Supplied records:
= = = = = = =

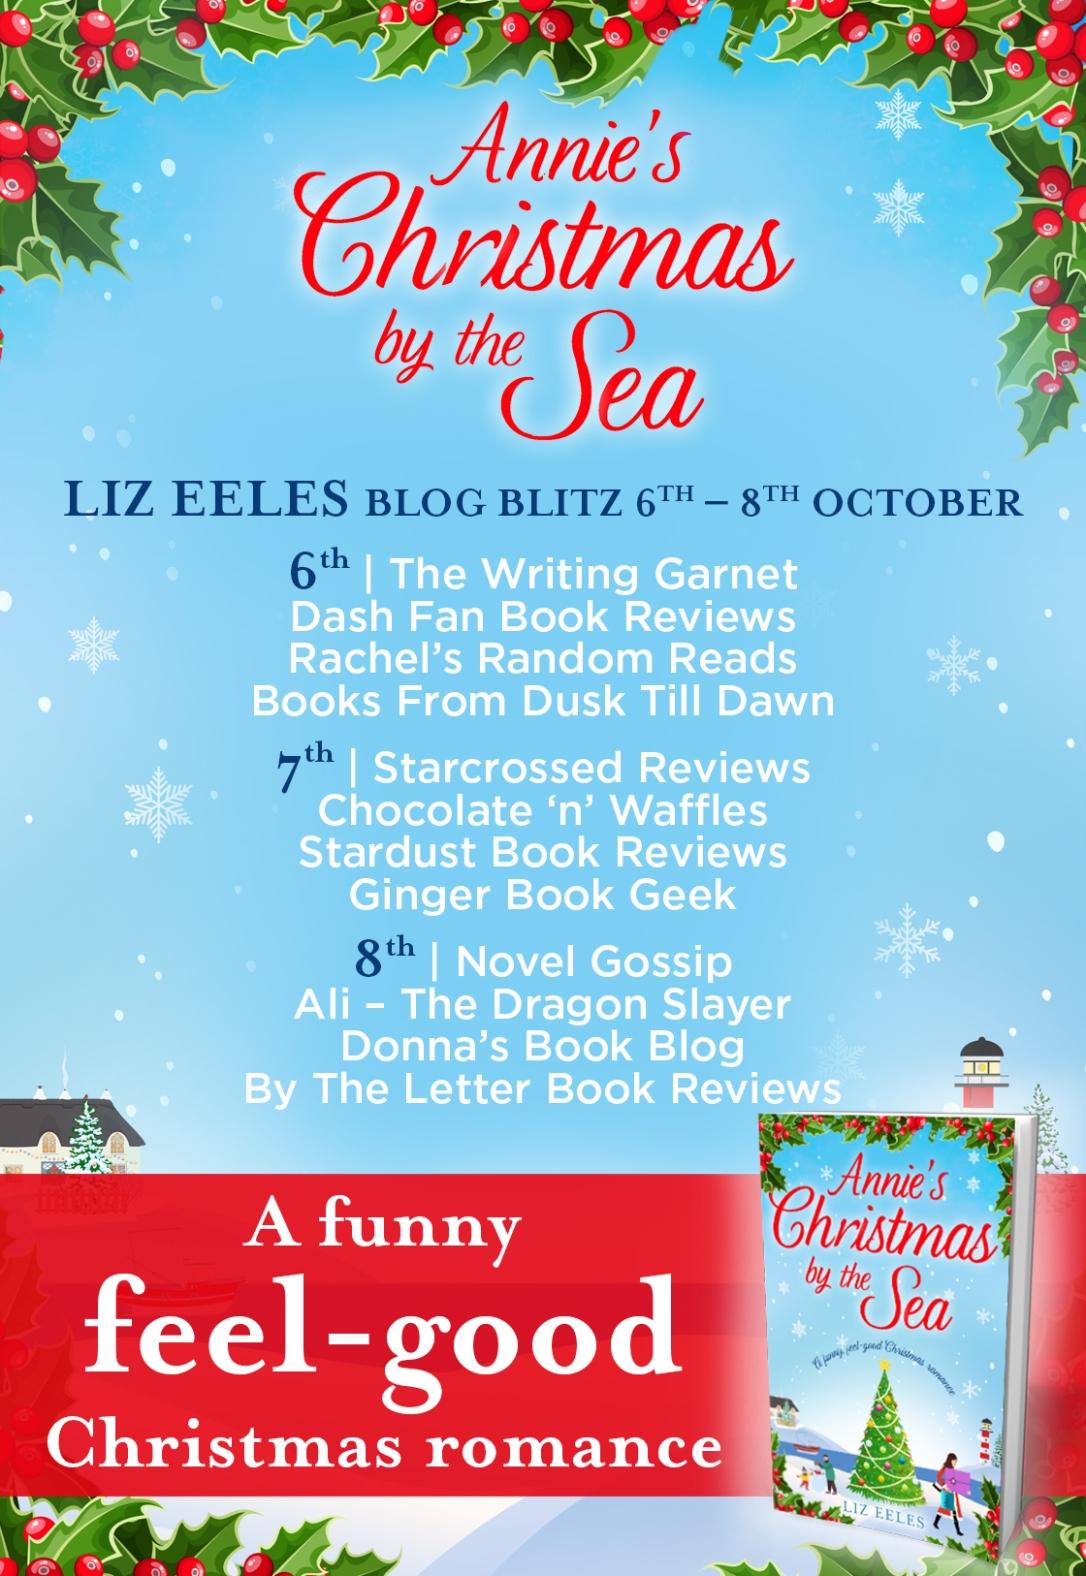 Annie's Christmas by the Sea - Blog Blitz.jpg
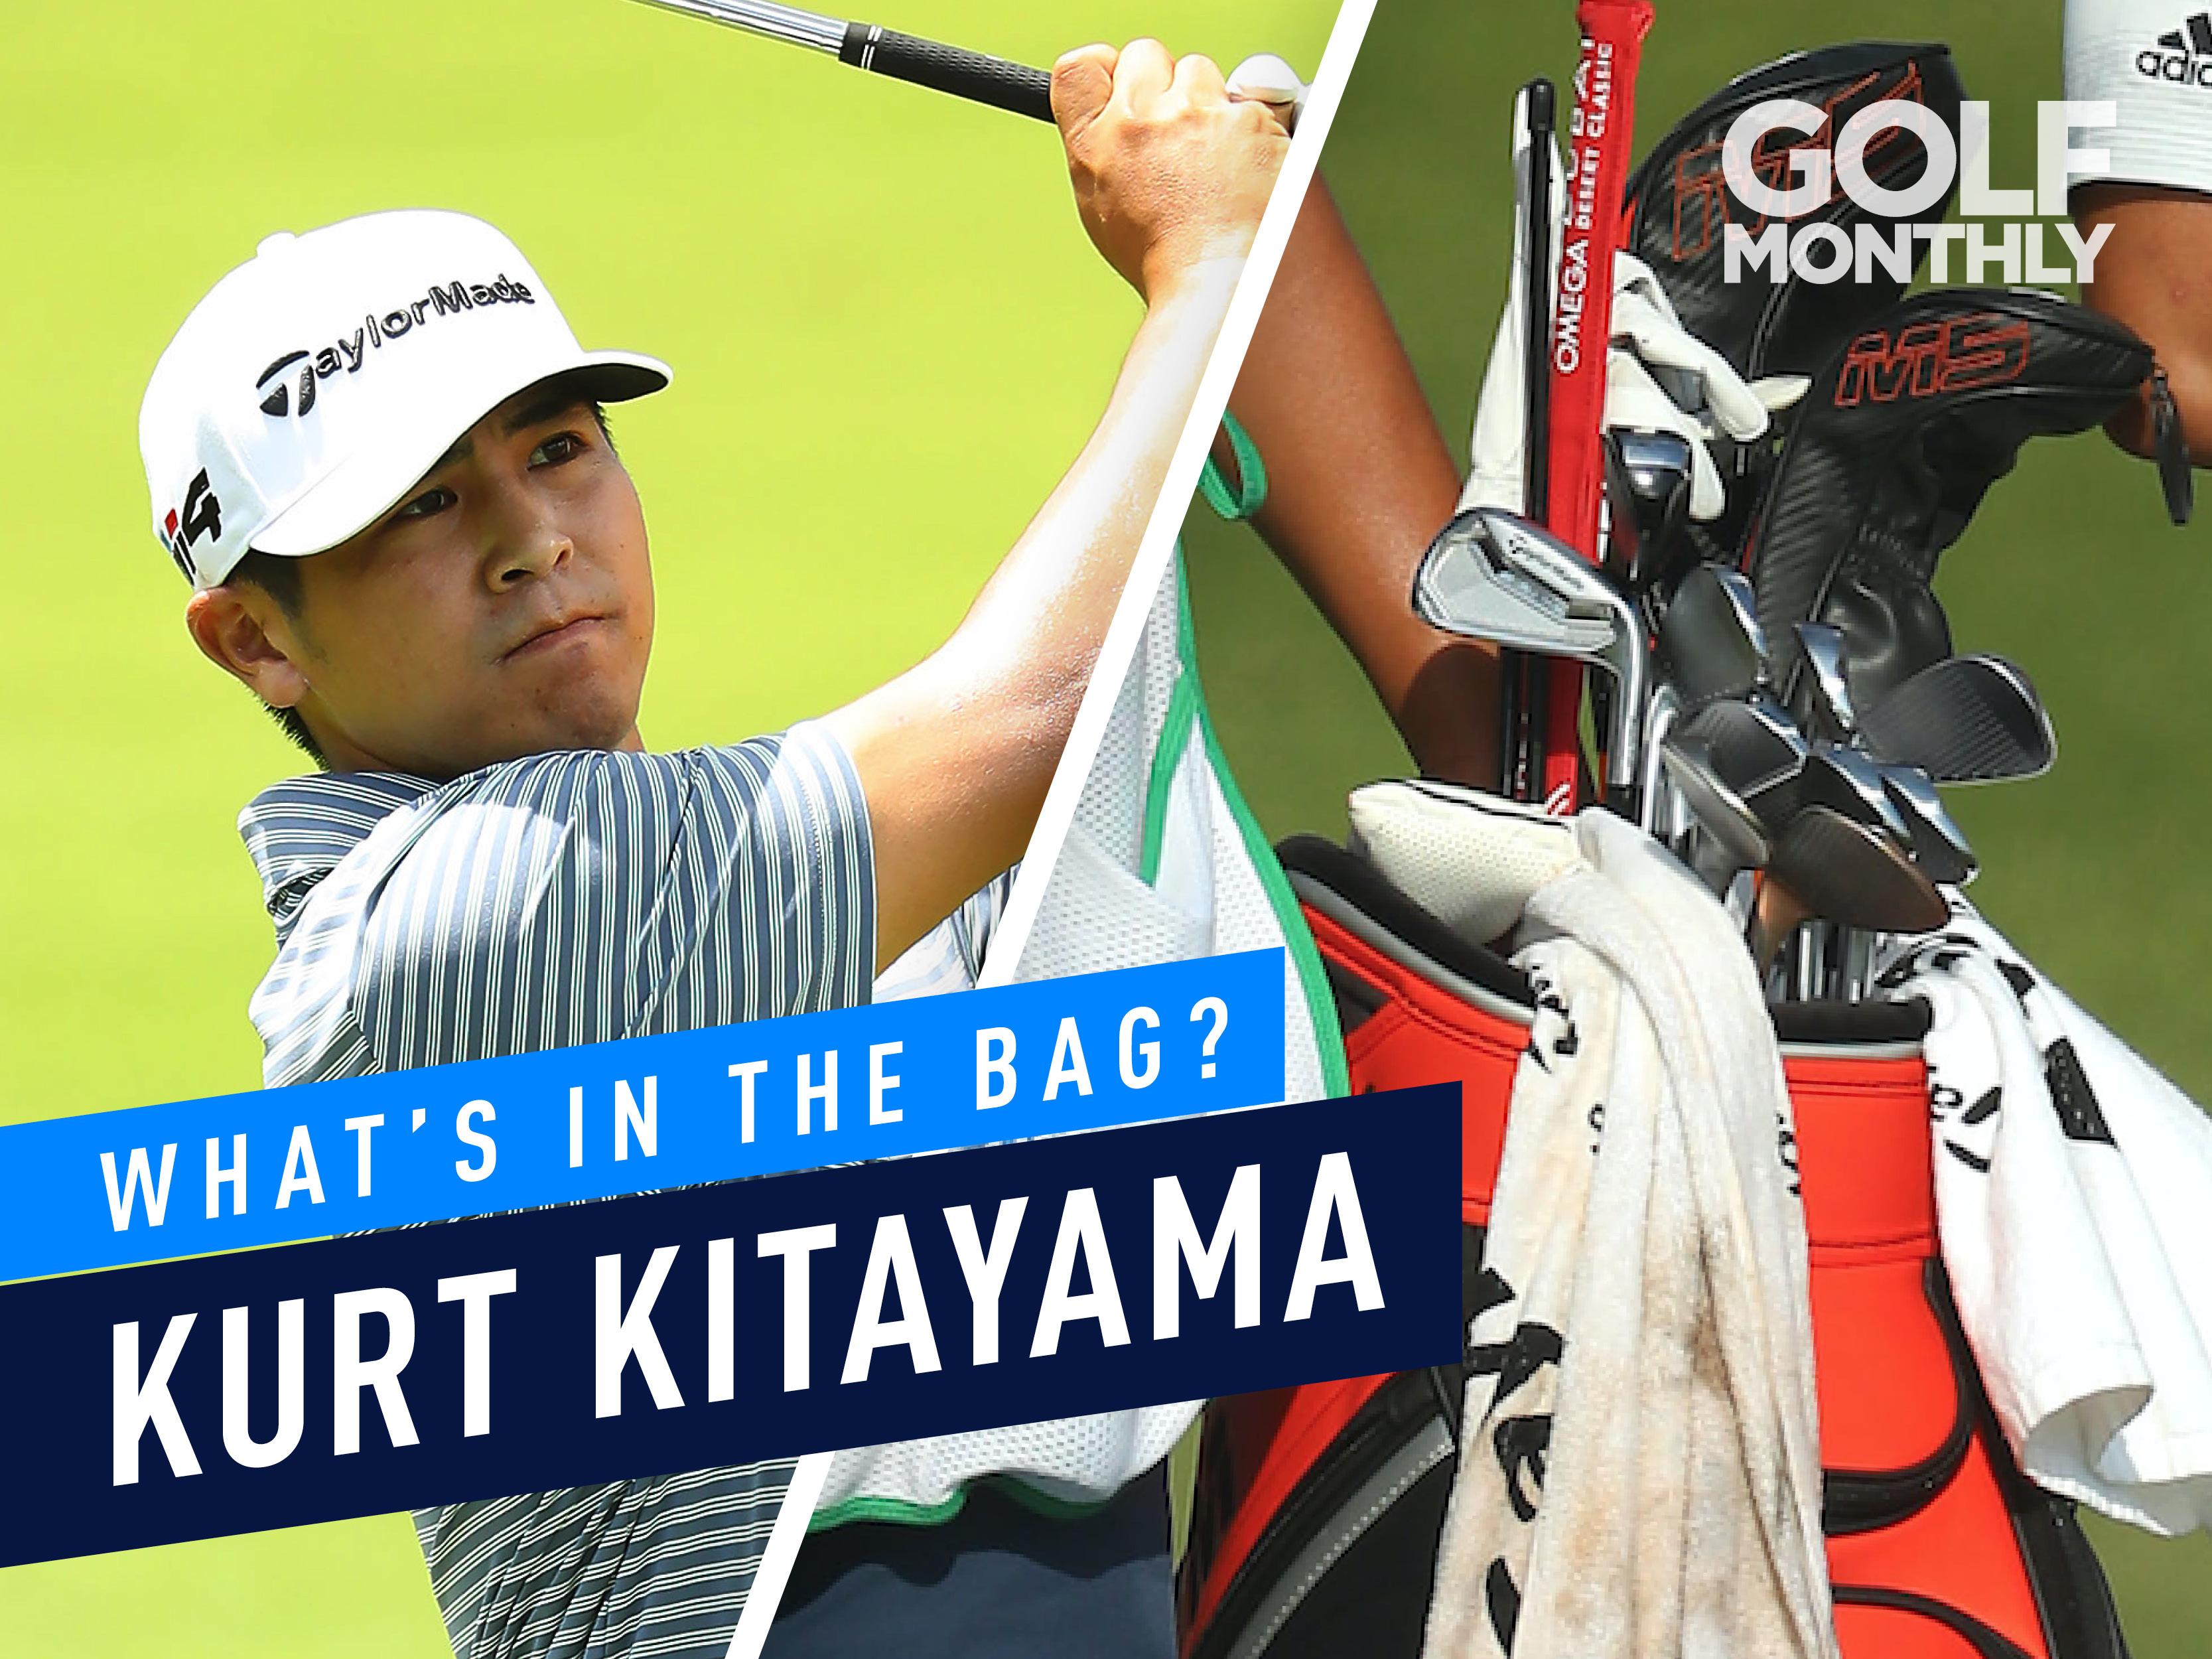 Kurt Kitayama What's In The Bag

= = = = = = =

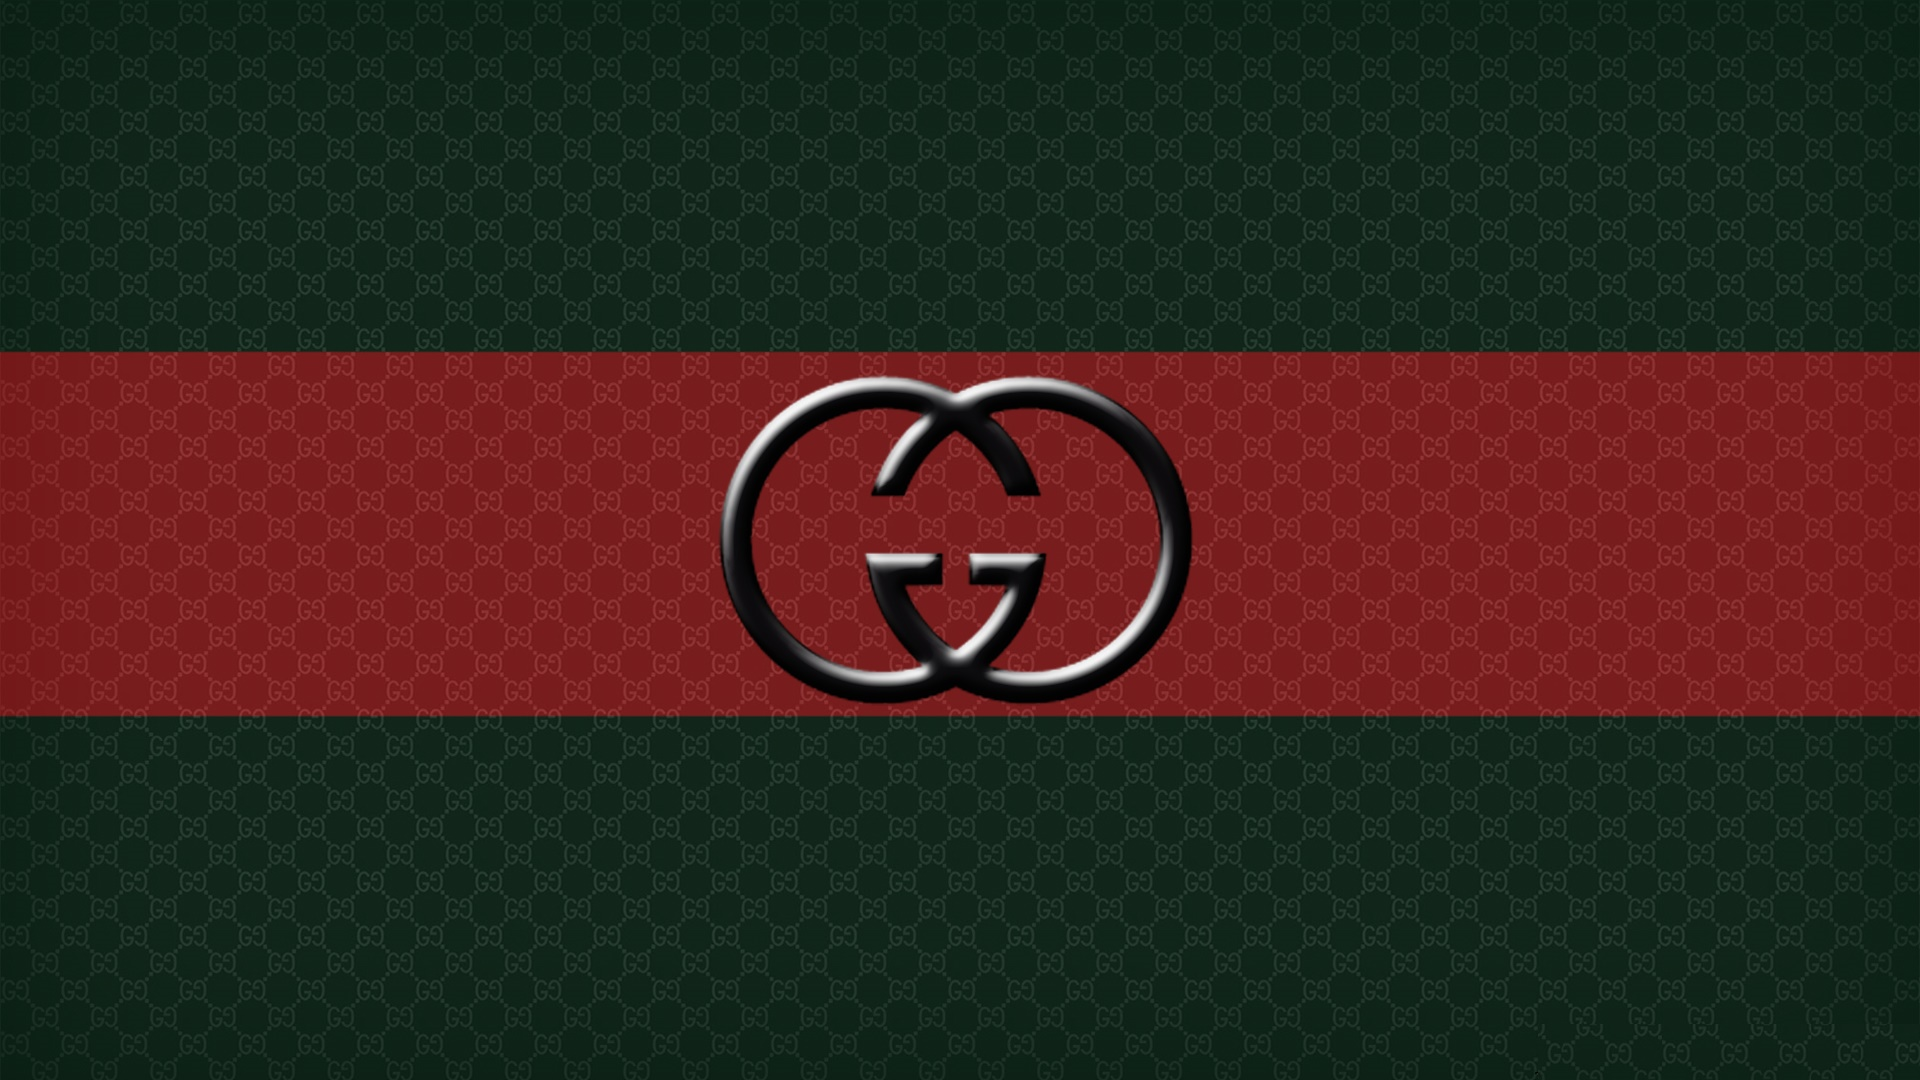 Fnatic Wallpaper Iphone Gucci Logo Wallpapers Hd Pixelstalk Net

= = = = = = =

Work instruction:
Take the lines above starting at the one containing "Annie's Christmas by" and ending at the one containing "Kurt Kitayama What's In The Bag", and print them again exactly, without pictures.

Problem solution:
 Annie's Christmas by the Sea - Blog Blitz.jpg
 Kurt Kitayama What's In The Bag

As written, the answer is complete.